Multi-Agent | Agent to Agent Approach

The fundamental goal of our project was to create a proof of concept illustrating the efficiency of chaining multiple agents together within the Spritz orchestration system to carry out a sequence of tasks. This forward-thinking method aimed to highlight the capabilities of coordinated agent-based systems in automating and streamlining intricate processes.

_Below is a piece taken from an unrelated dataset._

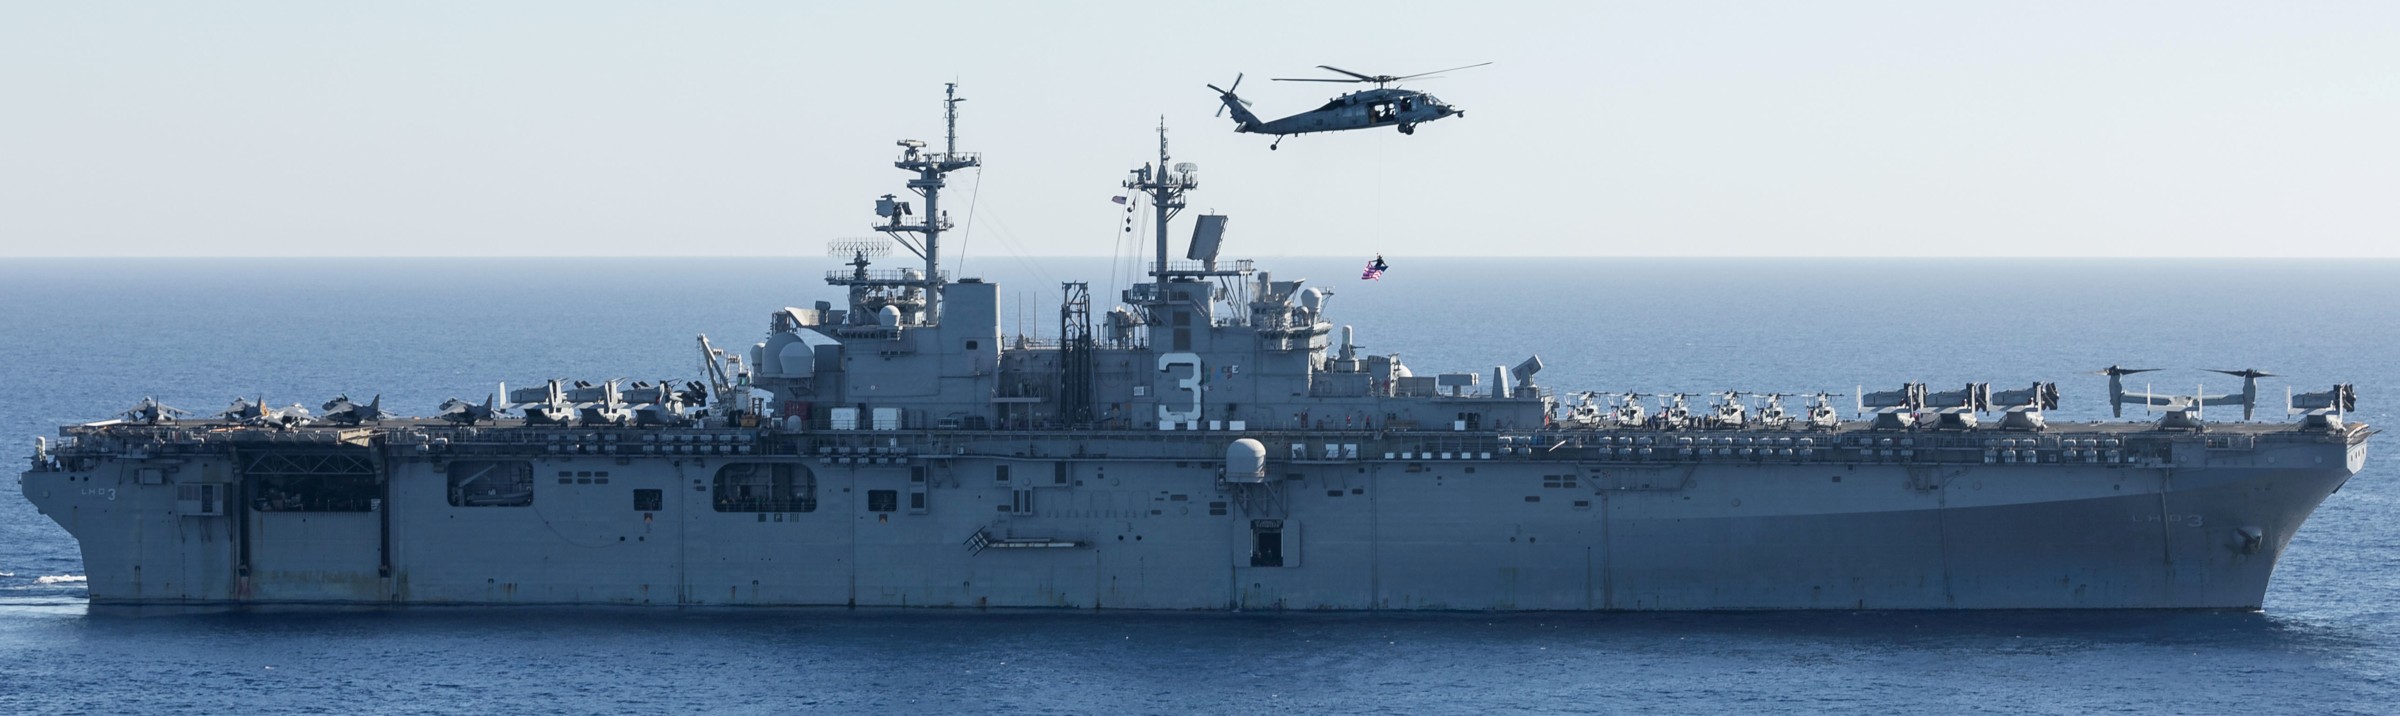 lhd-3 uss kearsarge wasp class amphibious assault ship us navy marines vmm-263 rein 246

In collaboration with Good Morning Italia, a renowned Italian journalistic outlet, our focus was on leveraging the capabilities of Spritz to integrate various agents and perform targeted tasks. Good Morning Italia, known for its succinct and meticulously verified informational briefings, served as an ideal partner for testing the efficacy of our platform in handling real-world journalistic scenarios. Through this collaboration, we aimed to demonstrate the potential of Spritz in facilitating dynamic interactions among agents, thereby contributing to the evolution of AI-driven solutions in information processing and dissemination.

What have we done?

The successful integration of the Agent to Agent (A2A) concept into the Spritz platform relied on a meticulously designed methodology. The Spritz platform, functioning as a facilitator for seamless communication among agents, employs a structured approach to handle task queues and orchestrate the distribution of jobs. The core components of an agent within Spritz include:

Discovery: AI agents employ the /discover endpoint to communicate their capabilities and requirements dynamically. This information is crucial for task orchestration, providing essential insights into each agent's abilities.
Task Execution: The /execute endpoint is utilized to initiate tasks based on the information gathered during the discovery stage. This endpoint supports intricate interactions, allowing for custom prompts for AI-based agents. Webhooks play a pivotal role in providing real-time feedback on task status, ensuring continuous updates for Spritz and other agents.
Task Abortion: The /abort endpoint allows for the termination of tasks when necessary, offering flexibility in managing resources efficiently and adapting to changing requirements in real-time.
Status Checking: The /status endpoint facilitates the request for the current status of tasks, offering a valuable tool for scenarios where webhook updates may not have been received or for double-checking task progress and outcomes.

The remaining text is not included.